Your assignment —
Each line from the start of the listing below through the line containing "Silhouette of person" should be reproduced exactly, with no others.

[Opening Data shown section]

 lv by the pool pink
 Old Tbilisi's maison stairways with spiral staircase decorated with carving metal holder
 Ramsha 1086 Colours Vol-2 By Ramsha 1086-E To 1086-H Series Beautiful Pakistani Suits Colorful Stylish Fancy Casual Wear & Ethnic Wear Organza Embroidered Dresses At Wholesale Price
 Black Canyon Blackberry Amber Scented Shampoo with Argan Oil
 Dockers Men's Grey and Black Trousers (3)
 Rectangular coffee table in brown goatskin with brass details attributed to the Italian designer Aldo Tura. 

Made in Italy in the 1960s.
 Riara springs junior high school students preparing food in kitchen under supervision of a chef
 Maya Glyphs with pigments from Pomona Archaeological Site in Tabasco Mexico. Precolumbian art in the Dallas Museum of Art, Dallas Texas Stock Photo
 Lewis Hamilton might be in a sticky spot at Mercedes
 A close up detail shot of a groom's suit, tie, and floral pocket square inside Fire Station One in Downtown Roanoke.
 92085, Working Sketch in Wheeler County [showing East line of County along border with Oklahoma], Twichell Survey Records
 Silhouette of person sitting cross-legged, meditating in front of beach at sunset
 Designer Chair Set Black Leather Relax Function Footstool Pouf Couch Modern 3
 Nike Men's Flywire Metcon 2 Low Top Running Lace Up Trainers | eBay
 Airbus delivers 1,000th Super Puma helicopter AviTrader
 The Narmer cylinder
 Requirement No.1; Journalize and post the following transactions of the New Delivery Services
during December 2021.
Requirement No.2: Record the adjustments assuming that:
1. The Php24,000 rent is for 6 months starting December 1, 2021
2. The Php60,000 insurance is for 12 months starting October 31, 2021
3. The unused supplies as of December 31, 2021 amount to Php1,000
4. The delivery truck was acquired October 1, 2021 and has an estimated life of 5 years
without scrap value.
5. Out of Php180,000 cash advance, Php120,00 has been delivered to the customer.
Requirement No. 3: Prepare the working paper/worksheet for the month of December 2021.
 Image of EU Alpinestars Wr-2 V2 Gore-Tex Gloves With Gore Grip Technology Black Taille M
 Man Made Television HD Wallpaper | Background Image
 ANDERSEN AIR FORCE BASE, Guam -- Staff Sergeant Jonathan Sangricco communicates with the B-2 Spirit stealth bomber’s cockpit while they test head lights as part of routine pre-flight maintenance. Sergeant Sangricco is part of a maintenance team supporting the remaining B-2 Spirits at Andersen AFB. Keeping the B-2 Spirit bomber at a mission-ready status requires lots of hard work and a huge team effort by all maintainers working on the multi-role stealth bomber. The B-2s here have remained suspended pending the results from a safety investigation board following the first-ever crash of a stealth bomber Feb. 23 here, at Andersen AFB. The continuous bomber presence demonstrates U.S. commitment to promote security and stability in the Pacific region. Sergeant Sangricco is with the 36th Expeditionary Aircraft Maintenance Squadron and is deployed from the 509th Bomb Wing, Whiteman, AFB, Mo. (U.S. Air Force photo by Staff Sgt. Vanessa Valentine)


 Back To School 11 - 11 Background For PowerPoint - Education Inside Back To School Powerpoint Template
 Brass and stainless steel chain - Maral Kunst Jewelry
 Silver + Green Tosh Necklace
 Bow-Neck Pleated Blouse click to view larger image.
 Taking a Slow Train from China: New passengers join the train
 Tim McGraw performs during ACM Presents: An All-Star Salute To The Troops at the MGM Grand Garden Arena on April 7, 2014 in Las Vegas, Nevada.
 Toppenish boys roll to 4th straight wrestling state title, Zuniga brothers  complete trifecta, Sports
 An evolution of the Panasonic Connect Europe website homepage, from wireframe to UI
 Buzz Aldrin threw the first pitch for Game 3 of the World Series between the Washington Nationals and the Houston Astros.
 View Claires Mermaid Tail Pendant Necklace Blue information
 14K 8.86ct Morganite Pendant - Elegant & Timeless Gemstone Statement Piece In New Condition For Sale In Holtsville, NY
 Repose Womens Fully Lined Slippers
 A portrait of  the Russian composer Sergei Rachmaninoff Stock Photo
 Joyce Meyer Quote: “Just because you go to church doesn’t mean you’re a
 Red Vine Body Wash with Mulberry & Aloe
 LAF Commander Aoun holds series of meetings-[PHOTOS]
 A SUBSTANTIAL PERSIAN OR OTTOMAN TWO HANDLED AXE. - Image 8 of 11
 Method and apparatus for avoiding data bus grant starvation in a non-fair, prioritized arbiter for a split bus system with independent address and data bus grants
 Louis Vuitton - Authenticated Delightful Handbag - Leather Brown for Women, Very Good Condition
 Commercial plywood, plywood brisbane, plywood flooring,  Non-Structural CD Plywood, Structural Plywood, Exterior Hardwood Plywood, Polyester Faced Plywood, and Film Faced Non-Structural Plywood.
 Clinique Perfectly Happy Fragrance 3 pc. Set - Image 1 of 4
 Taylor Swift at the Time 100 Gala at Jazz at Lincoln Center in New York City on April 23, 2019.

[Closing Data shown section]

Written solution —
 lv by the pool pink
 Old Tbilisi's maison stairways with spiral staircase decorated with carving metal holder
 Ramsha 1086 Colours Vol-2 By Ramsha 1086-E To 1086-H Series Beautiful Pakistani Suits Colorful Stylish Fancy Casual Wear & Ethnic Wear Organza Embroidered Dresses At Wholesale Price
 Black Canyon Blackberry Amber Scented Shampoo with Argan Oil
 Dockers Men's Grey and Black Trousers (3)
 Rectangular coffee table in brown goatskin with brass details attributed to the Italian designer Aldo Tura. 

Made in Italy in the 1960s.
 Riara springs junior high school students preparing food in kitchen under supervision of a chef
 Maya Glyphs with pigments from Pomona Archaeological Site in Tabasco Mexico. Precolumbian art in the Dallas Museum of Art, Dallas Texas Stock Photo
 Lewis Hamilton might be in a sticky spot at Mercedes
 A close up detail shot of a groom's suit, tie, and floral pocket square inside Fire Station One in Downtown Roanoke.
 92085, Working Sketch in Wheeler County [showing East line of County along border with Oklahoma], Twichell Survey Records
 Silhouette of person sitting cross-legged, meditating in front of beach at sunset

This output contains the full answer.